# Should I buy an ocean sport fisher?



## Chris (Dec 9, 2014)

A contractor buddy of mine that I go fishing with all the time want to partner up on a 33' sport fisher with twin cummins. It is affordable but I don't know just how much time I have spare to spend on it to make it worth my while.


----------



## havasu (Dec 9, 2014)

Hell yes. Lemme go get my fishing pole!

Actually, partnerships on a boat can turn bad real quick. Do your homework good on this one.


----------



## Chris (Dec 9, 2014)

I am, he has been bugging me for some time.


----------



## havasu (Dec 9, 2014)

A guy at the lake wanted to pay me half for 1/2 ownership in the fast boat. Problems I saw were insurance rates, who pays for maintenance, when a part breaks, who determines if it is wear and tear, or just driver wrong doing? How are the taxes paid? Who gets to claim the taxes? Who gets the boat on what weekends, and what provision is in place when you want/need the boat on an off weekend? Where is the boat stored (obviously you aren't concerned with this one)? Who gasses and is it gassed before or after a trip? Yeah, I see many headaches.


----------



## Chris (Dec 9, 2014)

Yeah that is what I am leaning towards. That and I have a feeling I will be stuck with more of the costs. He will use it more since he lives near the slip. I think I will be turning him down. I didn't go partners in my company for many reasons why should I do it with a boat, especially when I don't have to.


----------



## havasu (Dec 9, 2014)

I agree. Just buy your own boat. With friends like me, you will keep busy gassing it up and entertaining me for several hours a day. Time to blow the dust off my fishin' pole!


----------



## Chris (Dec 9, 2014)

I'm buying a dingy then.


----------



## Riff_Raff (Dec 9, 2014)

I'd be more likely to get something aluminum around 24' with an outboard.


----------



## havasu (Dec 9, 2014)

As a sidenote, at 8 years of age, my very first overnight deep sea boat fishing adventure was with my uncle's plumbing business, where he paid for all the employees, along with my father and I, and we went deep into Mexican waters for 2 days. We caught more fish than I have ever seen before. He himself caught a 197 pound giant black sea bass, which needed to be stuffed into two burlap sacks. I also remember them plumbers drank like no tomorrow!


----------



## Chris (Feb 19, 2015)

So I backed out of this deal and my buddy ended up with two other partners. Now they are fighting and arguing. My buddy has no money top ut into it so the others are having to pay for everything. I'm glad I didn't go partners on it.

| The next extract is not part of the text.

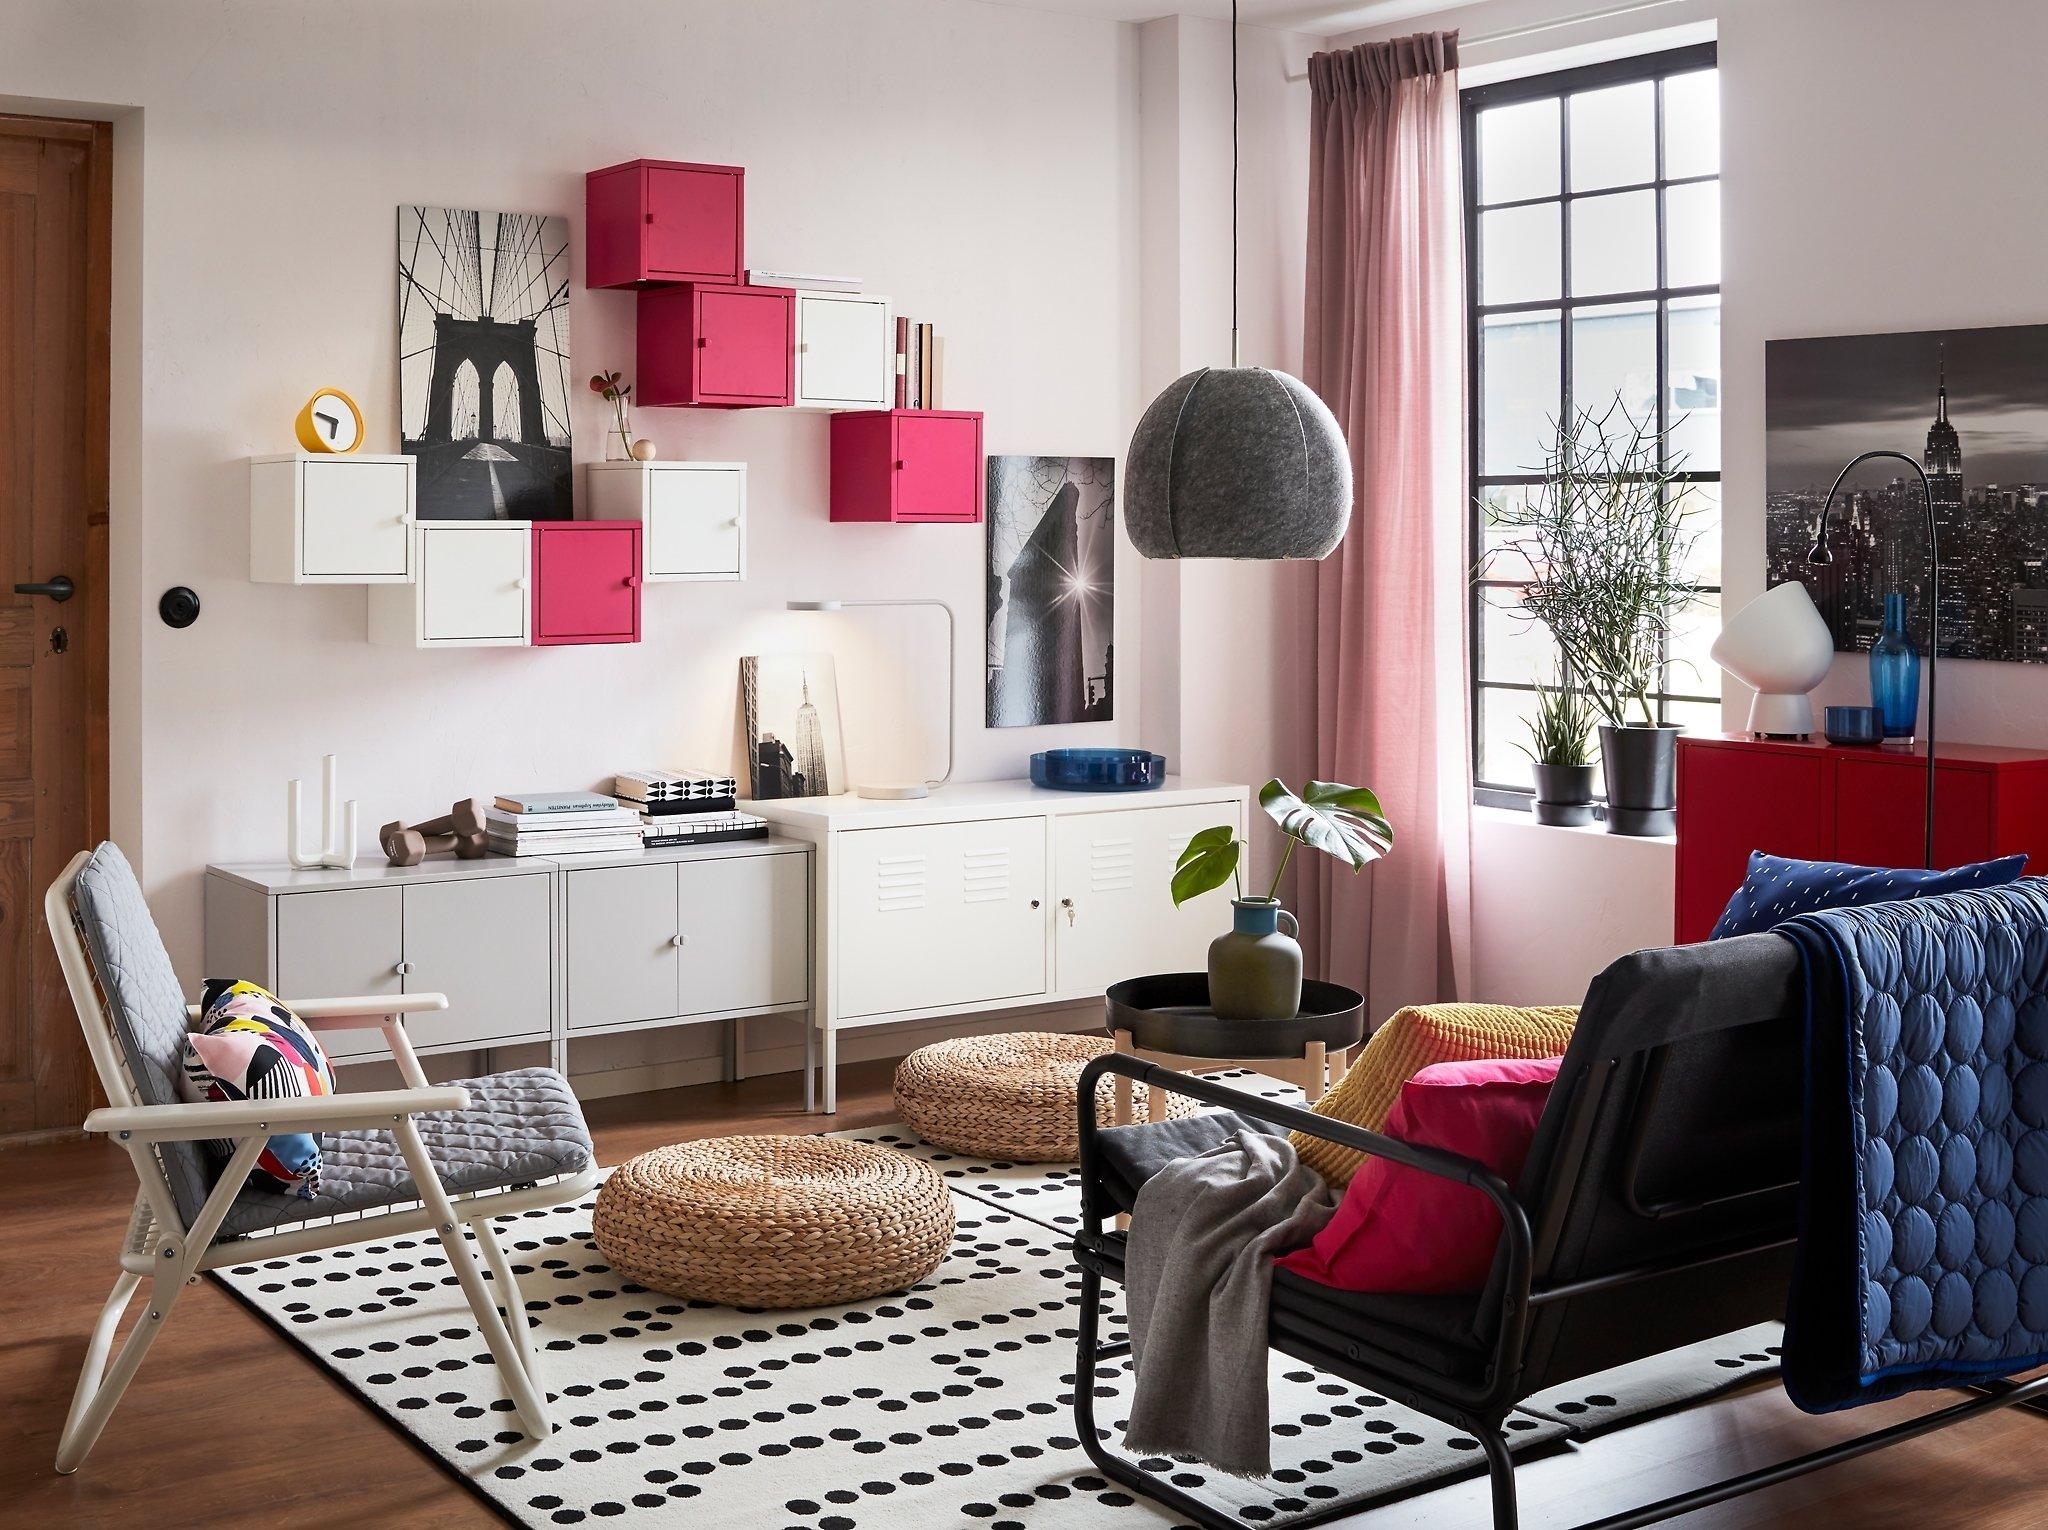 10 Elegant Living Room Furniture Decorating Ideas front room colors decorating on a budget living room living room

I think I will stick to that motto of no partners in anything.


----------



## havasu (Feb 19, 2015)

Glad to hear you didn't get caught up in that crap.


----------



## Chris (Feb 19, 2015)

I almost did that with my company when I first started. Glad I didn't do it then either, that guy ended up embezzling a bunch from his company.


----------



## Riff_Raff (Feb 25, 2015)

Chris said:


> So I backed out of this deal and my buddy ended up with two other partners. Now they are fighting and arguing. My buddy has no money top ut into it so the others are having to pay for everything. I'm glad I didn't go partners on it. I think I will stick to that motto of no partners in anything.



_If it flies or floats.........................._.


----------